Unfortunately, throughout the month of August and the first ten days of September, the human rights situation in Colombia has deteriorated even further.

Scores of trade union and human rights leaders have been detained by official government forces in Arauca - one of President Uribe's highly-militarized showcase provinces and where nearly 300 U.S. military personnel are active in the counter-insurgency war. And what was their crime? Quite simply, they denounced the links between government security forces and paramilitary groups in the region.

According to Amnesty International, the detentions "appear to be part of an on-going coordinated campaign to undermine the work of trade unionists and human rights activists and to expose those sectors to increased attack from army-backed paramilitaries."

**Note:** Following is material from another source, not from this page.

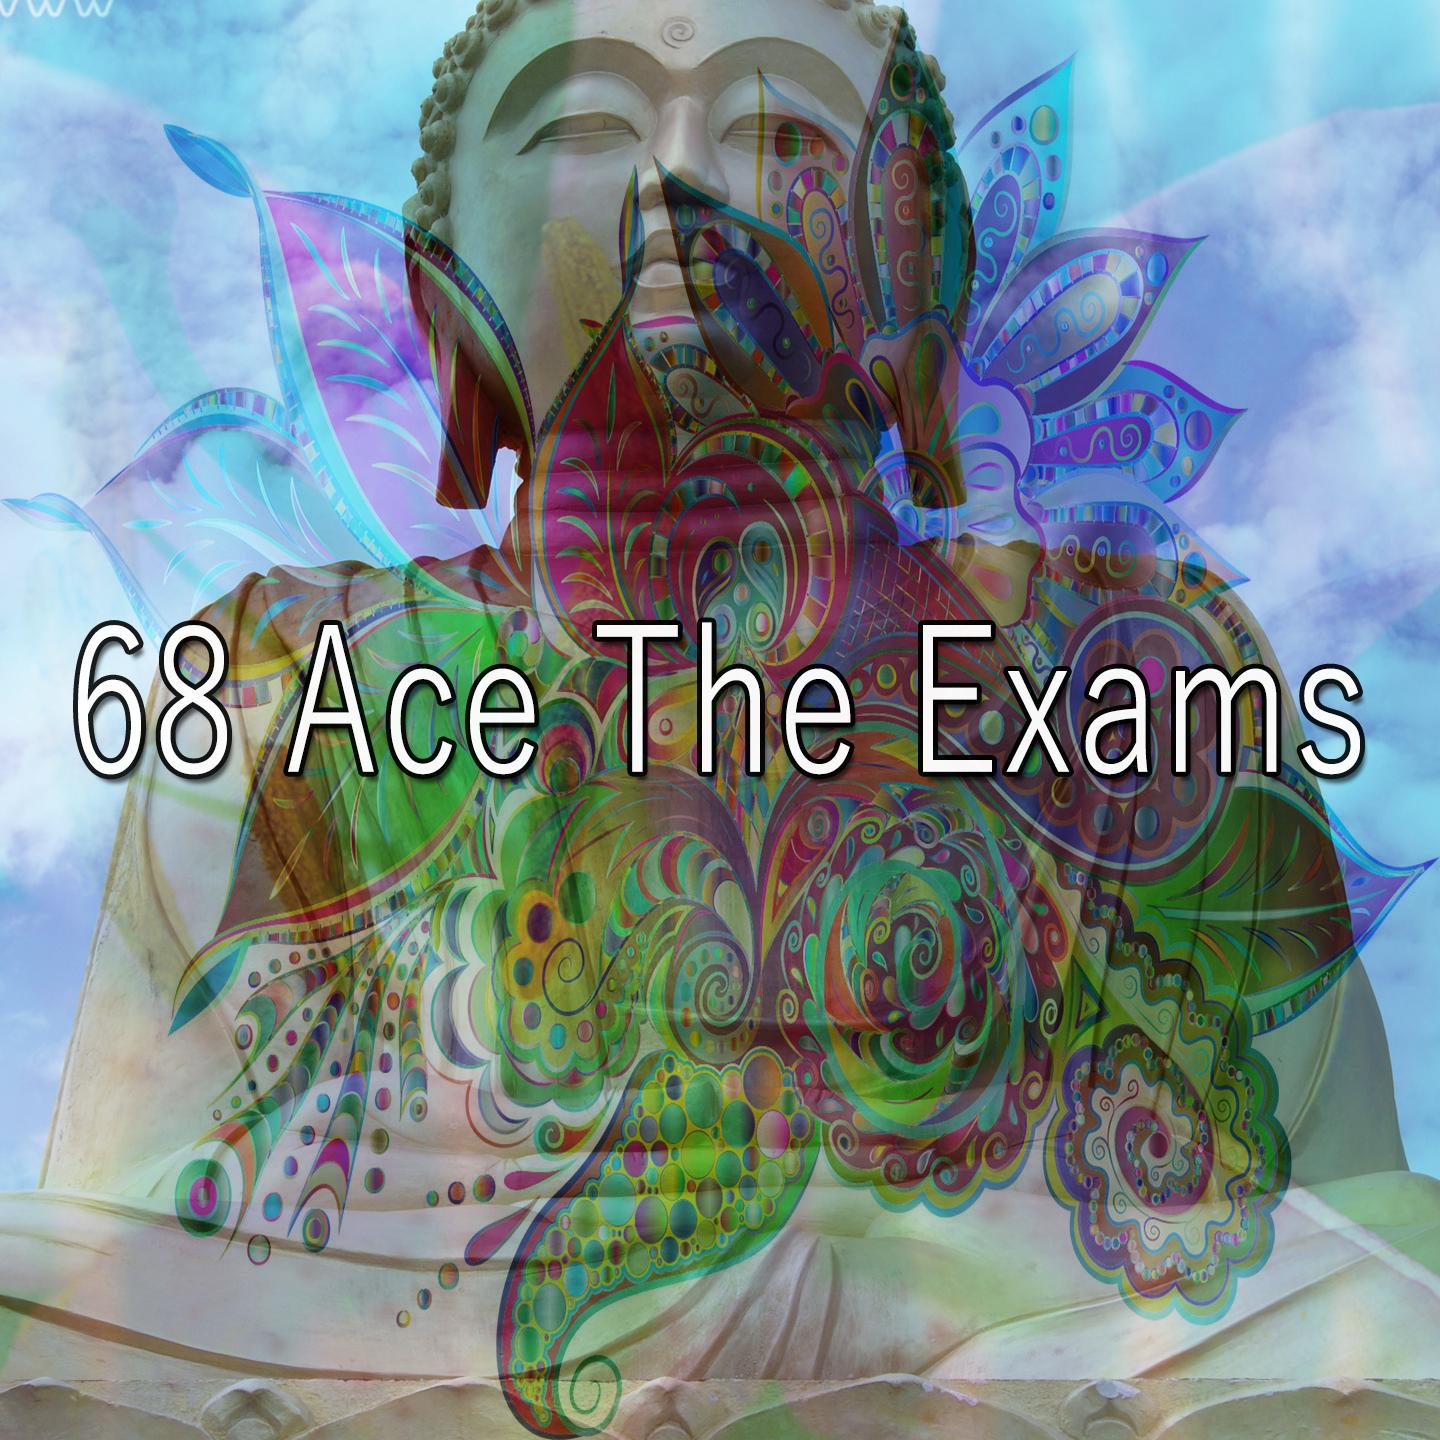 68 Ace the Exams

Also in August, the Commander in Chief of the Colombian Armed Forces, General Jorge Enrique Mora Rangel, held a press conference in which it was alleged that a village of resettled refugees, who were trying to protect themselves from armed actors by putting barbed wire around their village, somehow instead was a "FARC-controlled concentration camp," a remark that puts these refugees and the humanitarian organizations that serve them, including the U.N. High Commission for Refugees, at further risk.

These accusations were made shortly after the Colombian Constitutional Court issued a decision allowing some of these organizations to proceed with a lawsuit against General Rito Alejo del Rio, for human rights abuses carried out when he was Commander of the 17th Brigade in northwestern Colombia.

Over the past few months, one public attack after another against human rights defenders and organizations has been made by the very highest-ranking members of Colombia's government and military, culminating this week in statements by President Uribe himself.

On Monday, September 8th, President Uribe, in a speech to Colombian military personnel, attacked human rights organizations as "politickers at the service of terrorism." President Uribe stated that human rights groups in Colombia are "terrorist agents and cowards who hide their political ideas behind human rights."

These highly inflammatory and dangerous remarks came on the same day as some 80 human rights groups released a report critical of some of President Uribe's security measures, which in their view have increased repression against the civilian population. The report was issued by some of Colombia's most respected human rights groups, including the Colombian Commission of Jurists, the Consultancy for Human Rights, and the Jesuit-affiliated Center for Popular Education and Investigation.

Equally disturbing, in President Uribe's speech to the military, the word "terrorist" is used only in reference to left-wing guerrilla forces; the paramilitary forces are referred to as "private justice groups," even though it is the paramilitary forces that are responsible for 70 percent of human rights violations committed against the civilian population and nearly all attacks against labor leaders and human rights defenders - and are on the U.S. State Department's list of terrorist organizations.

All of us in Congress have seen this pattern before.

We know that when high government and military officials start labeling civilian leaders and organizations as "terrorists" or "sympathizers," their deaths soon follow.

When President Uribe made such statements, he knowingly and deliberately placed these democratic actors at great risk.

The right to criticize, to disagree with official doctrine is a cornerstone of democracy.

Let me be clear: Colombia is not threatened by national and international human rights organizations, UN officials, judges, or Colombian government officials whose responsibility it is to protect and promote human rights.

Indeed, the most important step President Uribe could take to end terrorism within Colombia's borders is to investigate, prosecute, and punish all those responsible for violations of human rights and international humanitarian law - including the paramilitaries and their military allies.

It is impunity, not human rights defenders, that is eroding any prospect for peace, democracy and the rule of law in Colombia.

Sadly, U.S. policy is complicit in aiding and abetting this serious state of affairs in Colombia.

Thank you, Mr. Speaker, and I yield back the balance of my time.